Added type annotations + some fixes to get them correct

One functional change: `CryptoOperation.read_infile()` now reads bytes
from `sys.stdin` instead of text. This is necessary to be consistent with
the rest of the code, which all deals with bytes.

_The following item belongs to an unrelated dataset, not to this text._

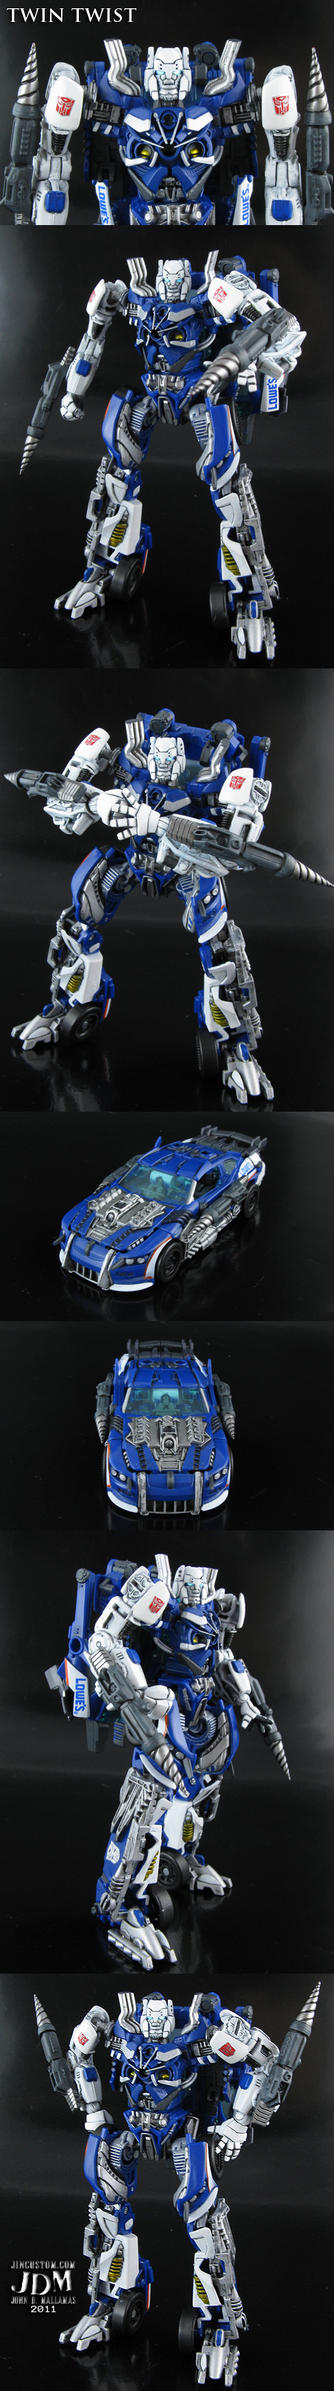 Transformers Twin Twist by Jin-Saotome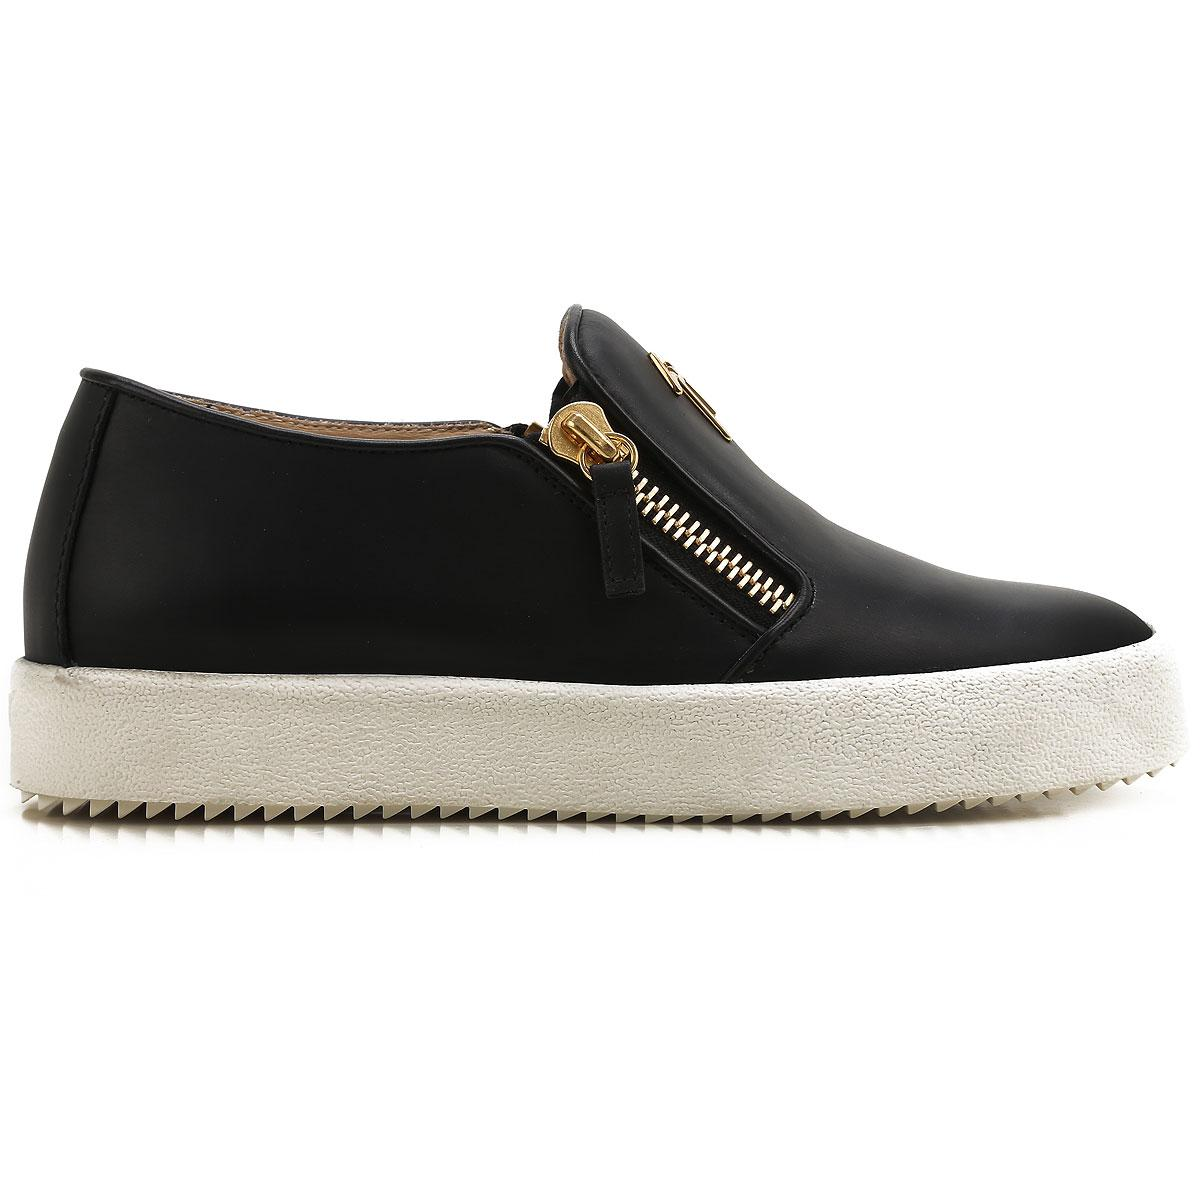 Giuseppe Zanotti - Black Slip On Sneakers For Women On Sale In Outlet -  Lyst. View fullscreen 74f1cdc6ef

1 files changed, 10 insertions, 9 deletions

diff --git a/rsa/common.py b/rsa/common.py
index a4337f6..b983b98 100644
--- a/rsa/common.py
+++ b/rsa/common.py
@@ -16,17 +16,18 @@
 
 """Common functionality shared by several modules."""
 
+import typing
+
 
 class NotRelativePrimeError(ValueError):
-    def __init__(self, a, b, d, msg=None):
-        super(NotRelativePrimeError, self).__init__(
-            msg or "%d and %d are not relatively prime, divider=%i" % (a, b, d))
+    def __init__(self, a, b, d, msg=''):
+        super().__init__(msg or "%d and %d are not relatively prime, divider=%i" % (a, b, d))
         self.a = a
         self.b = b
         self.d = d
 
 
-def bit_size(num):
+def bit_size(num: int) -> int:
     """
     Number of bits needed to represent a integer excluding any prefix
     0 bits.
@@ -54,7 +55,7 @@ def bit_size(num):
         raise TypeError('bit_size(num) only supports integers, not %r' % type(num))
 
 
-def byte_size(number):
+def byte_size(number: int) -> int:
     """
     Returns the number of bytes required to hold a specific long number.
 
@@ -79,7 +80,7 @@ def byte_size(number):
     return ceil_div(bit_size(number), 8)
 
 
-def ceil_div(num, div):
+def ceil_div(num: int, div: int) -> int:
     """
     Returns the ceiling function of a division between `num` and `div`.
 
@@ -103,7 +104,7 @@ def ceil_div(num, div):
     return quanta
 
 
-def extended_gcd(a, b):
+def extended_gcd(a: int, b: int) -> typing.Tuple[int, int, int]:
     """Returns a tuple (r, i, j) such that r = gcd(a, b) = ia + jb
     """
     # r = gcd(a,b) i = multiplicitive inverse of a mod b
@@ -128,7 +129,7 @@ def extended_gcd(a, b):
     return a, lx, ly  # Return only positive values
 
 
-def inverse(x, n):
+def inverse(x: int, n: int) -> int:
     """Returns the inverse of x % n under multiplication, a.k.a x^-1 (mod n)
 
     >>> inverse(7, 4)
@@ -145,7 +146,7 @@ def inverse(x, n):
     return inv
 
 
-def crt(a_values, modulo_values):
+def crt(a_values: typing.Iterable[int], modulo_values: typing.Iterable[int]) -> int:
     """Chinese Remainder Theorem.
 
     Calculates x such that x = a[i] (mod m[i]) for each i.